I am a little scattered this morning. My sinuses are draining, which may account for at least some of the randomness of my thoughts as every time I seem to get settled on a particular track, I am stopped and rerouted by a trip to the tissue box.
It seems therefore that this is proving to be the perfect morning for a few random bits.
I replaced the hose on my gravity feed iron this morning. The previous (yellow) hose had proven to be a problem when I was working on the Christening gown, not surprisingly as it was actually a piece of medical tubing I had dug out of George's box of essential supplies after he passed away. The hose had served for a few years, when I was only sewing lightly and in short bursts, but it did not stand up to the prolonged heat necessary for a larger project. This is not surprising; it was never meant to go on a hot iron. Admitting defeat, I ordered a proper hose, one intended for use with a hot iron. Yesterday I removed the old hose, which also required some scraping, soaking, and general work to remove areas of melted rubber from the metal parts of the iron. This morning the new hose went into place, and I am ready for prolonged work in the studio, without the frustrations of working with inadequate equipment. Of course the problem was one of my own making, but that seems to be often the case with human endeavor, not that I am willing to go down that path very often (admitting to mistakes, not the making of them, a process in which I engage far too frequently).
One of the amaryllis bulbs is about to open. I am very much looking forward to the big reveal.

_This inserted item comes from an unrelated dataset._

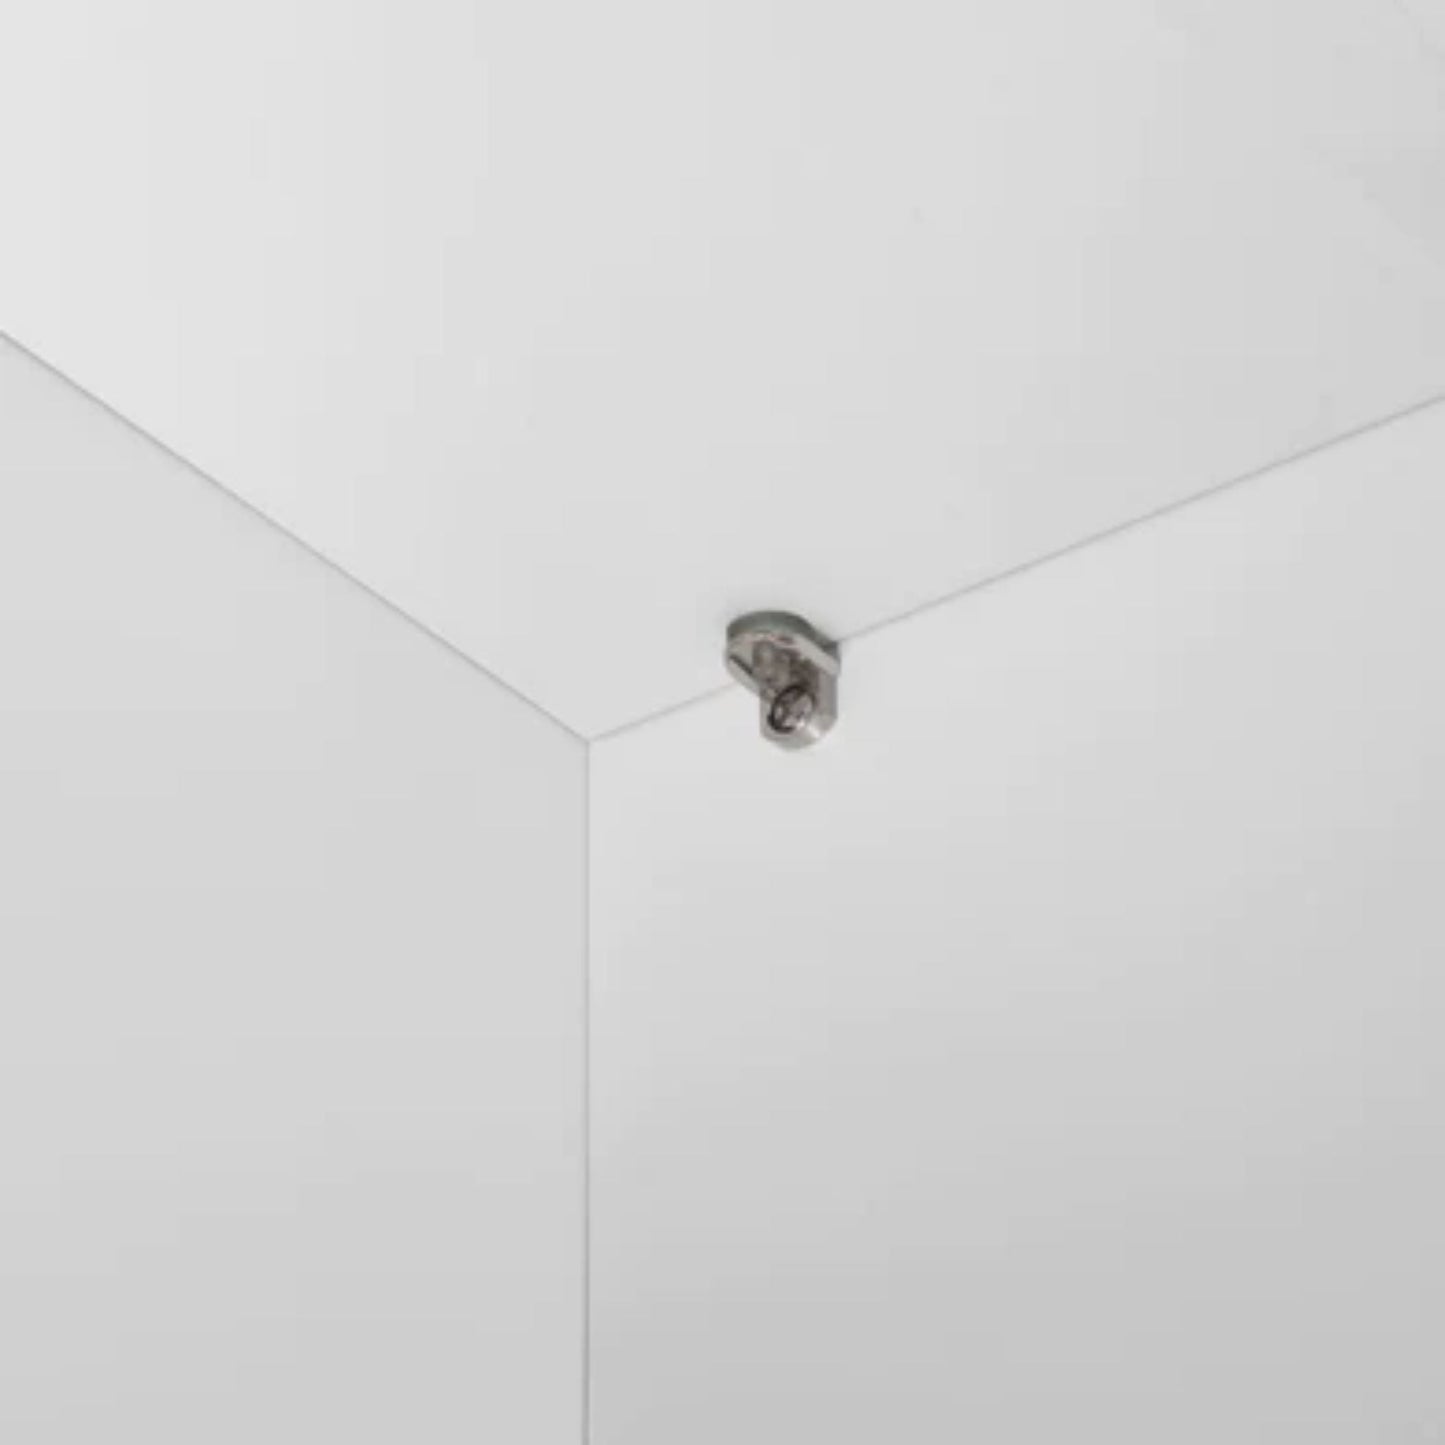 LessCare 30" x 24" x 12" Alpina White Wall Kitchen Cabinet - W3024

A friend and I attended a reception yesterday evening, where the upcoming season of the Knoxville Symphony Orchestra was announced. It was a lovely evening, and the presentation was interspersed with musical interludes performed by the symphony's Wind Quintet, Looking at the amaryllis bulb this morning reminds me of one such interlude, where they musicians were playing some 17th century Hungarian dances. The music felt joyous and peaceful, and wrapped itself around my thoughts like the tendrils of a climbing vine, gently winding their way into my thoughts and opening up, like a flower into new vistas.

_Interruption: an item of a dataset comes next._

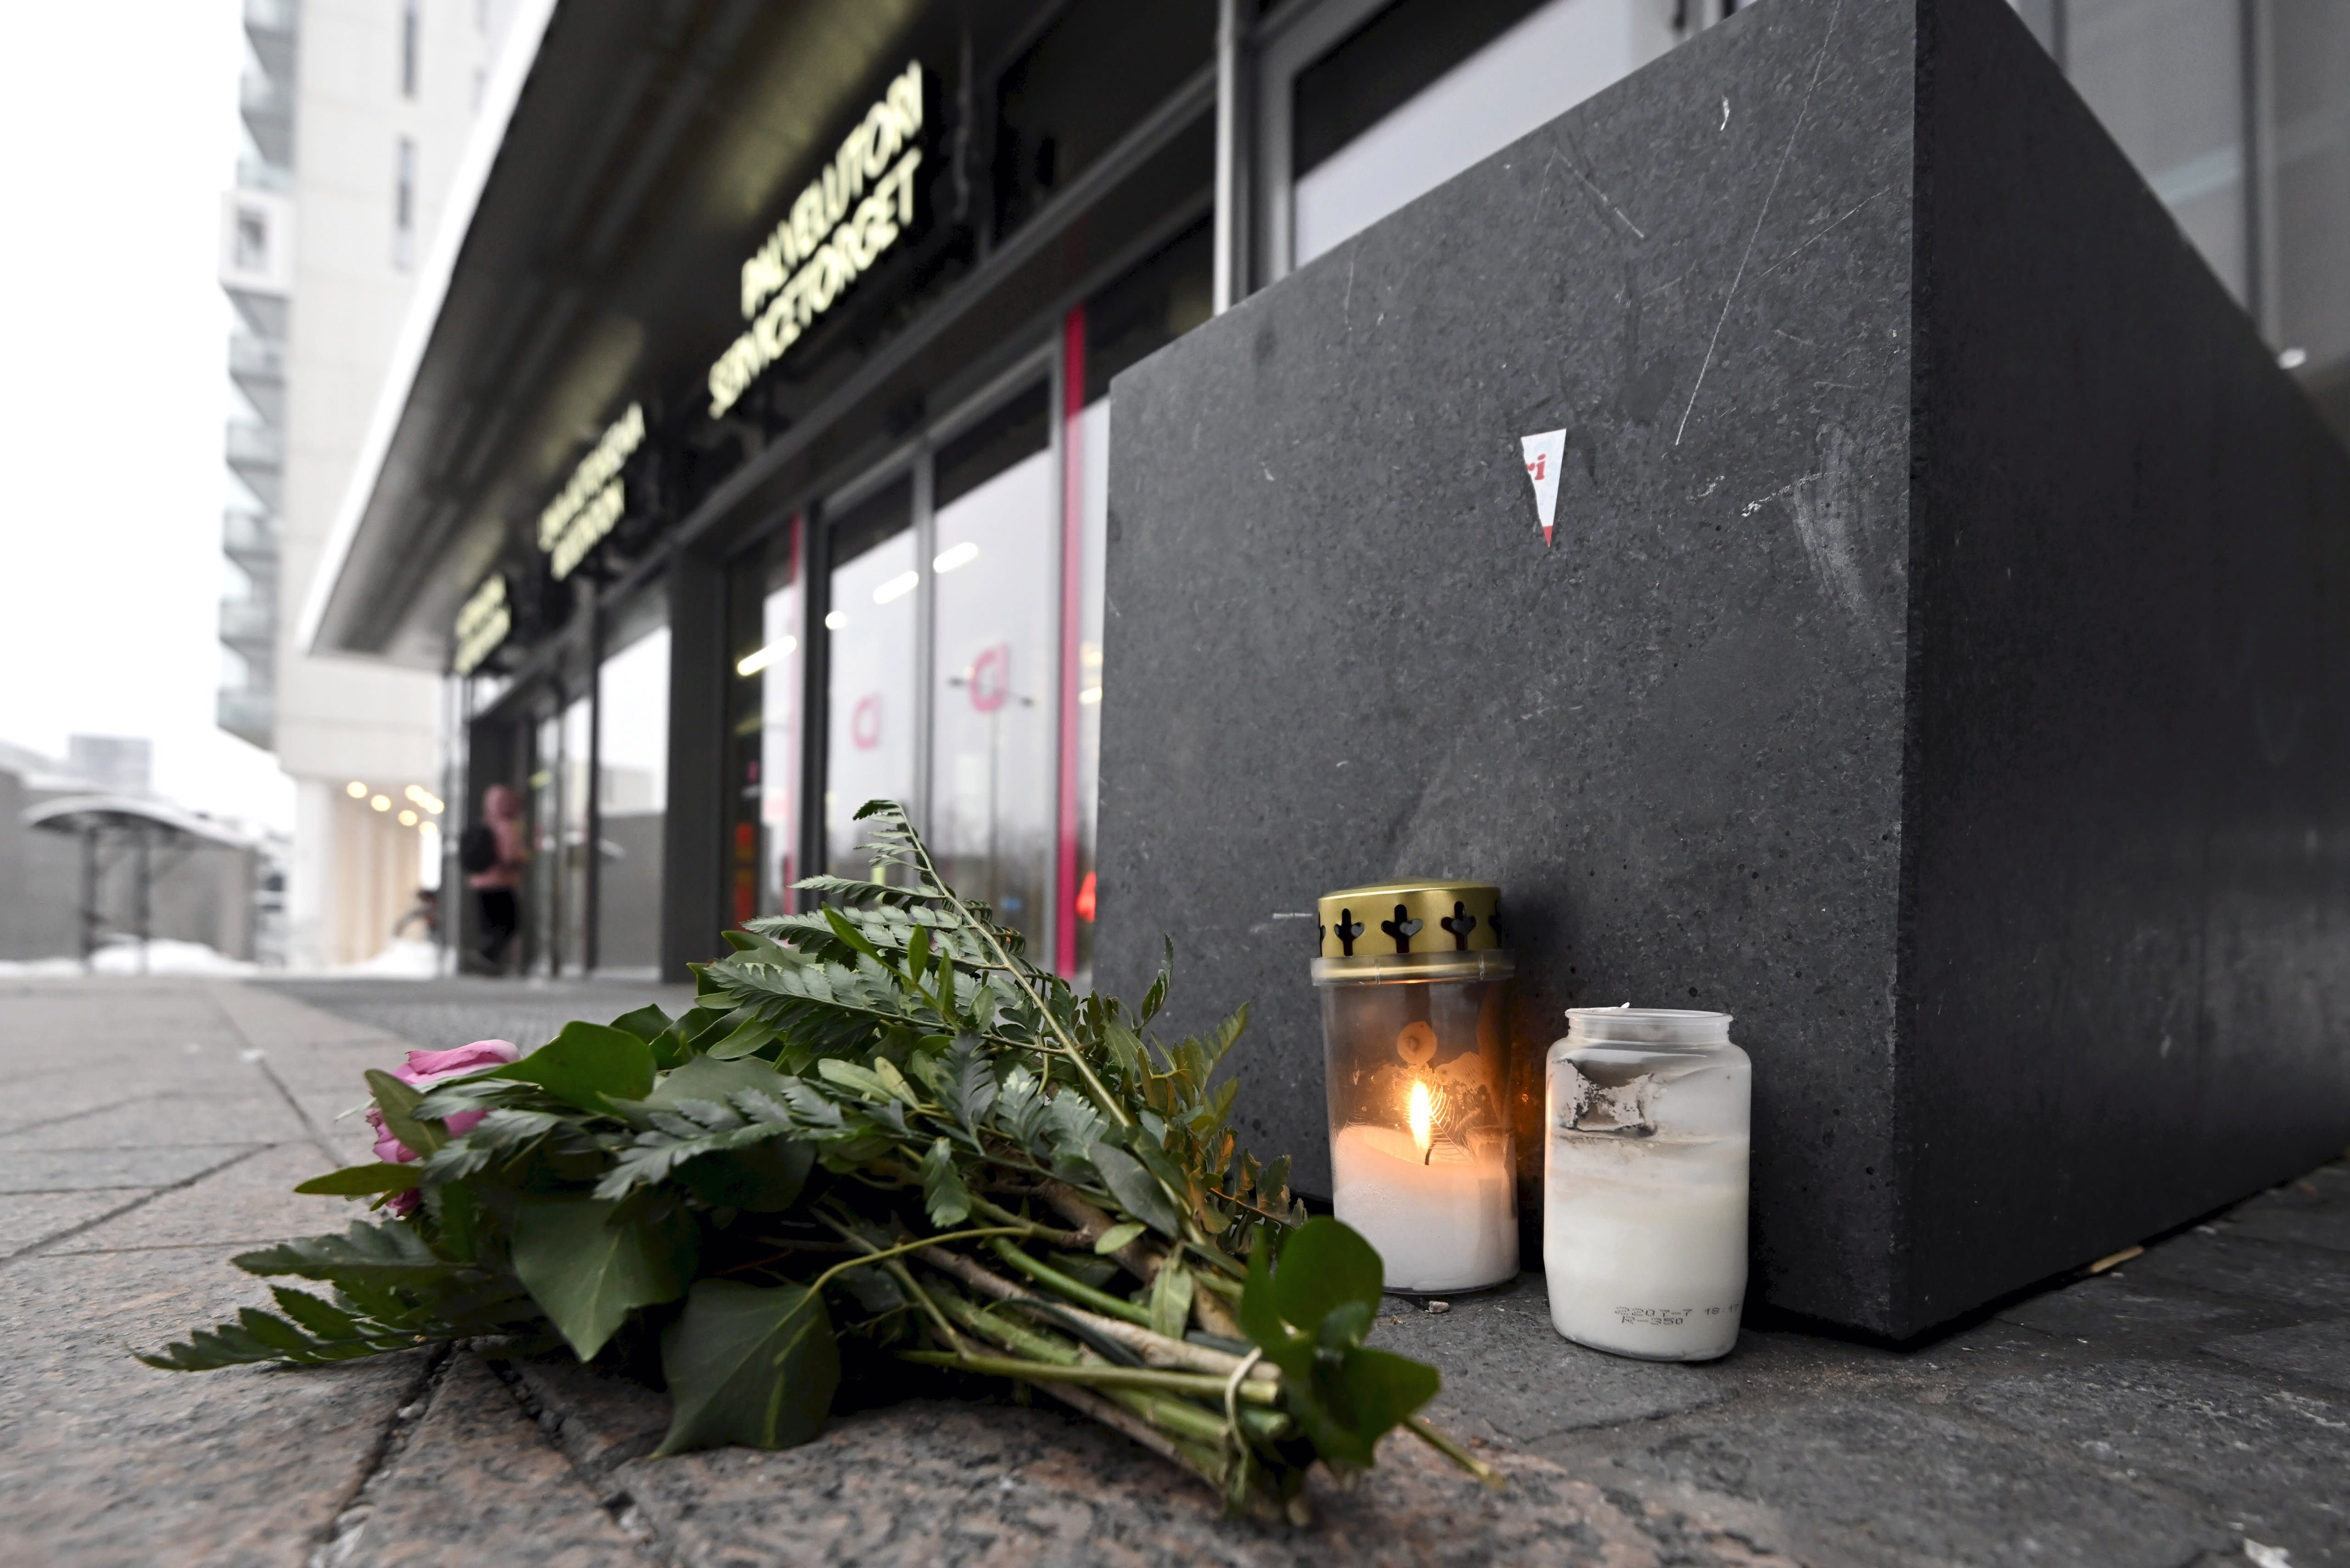 Im Einkaufszentrum von Espoo ist eine Frau gestorben, die Sicherheitskräfte stehen unter Mordverdacht

Such I suppose will be the case with the Amaryllis. I am looking forward to the exuberance of the big reveal, and already in a musical state of mind, I am reminded of the vibrant joyousness of last week's symphony performance, which ended with an excess of joyful exuberance as the Knoxville Symphony and the members of the Youth Symphony performed Dvorak's Symphony #9, "From the New World". I was particularly tickled by this (I have always loved that symphony) because George always hated it, thinking it was far too populist and overwrought. And yet George's memory accompanied me to that concert as the Dvorak, among other things, was paired with one of George's favorite pieces, Korngold's Violin Concerto in D major. It is quite possible that in my youth I felt much the same way about the Korngold as George did about the Dvorak. Anyway, the Korngold was stunningly performed. Tessa Lark brought a beauty and lyricism to the piece, which too my ears had always seemed to full of schmaltz for comfort. I think I believe both new depths and new lightness was revealed, a newly discovered sense of joy, as well as the deep peacefulness that comes when one recognizes how one is shaped by one's past, and yet not necessarily defined by it.
And lastly, Tikka. Here she is sleeping in my closet, her head resting on some metal hand weights. This seems particularly uncomfortable to me, but as it is one of her favorite spots, I must assume our understandings and experiences of comfort are different.
Tikka was diagnosed with Cushing's Disease around Christmas and it took a few weeks to get the details of the diagnosis and treatment squared away. She started her new medicine late last week, and although not all of her symptoms have abated, she is already a much lighter spirited, bouncier and happier dog. I am reminded of how she slowed down over a period of months and how we thought the problem was back or hip issues, both of which are present, but now I see that this disease was probably just building up slowly, see how things can sneak up on us before we realize what is going on, see how powerful healing can be.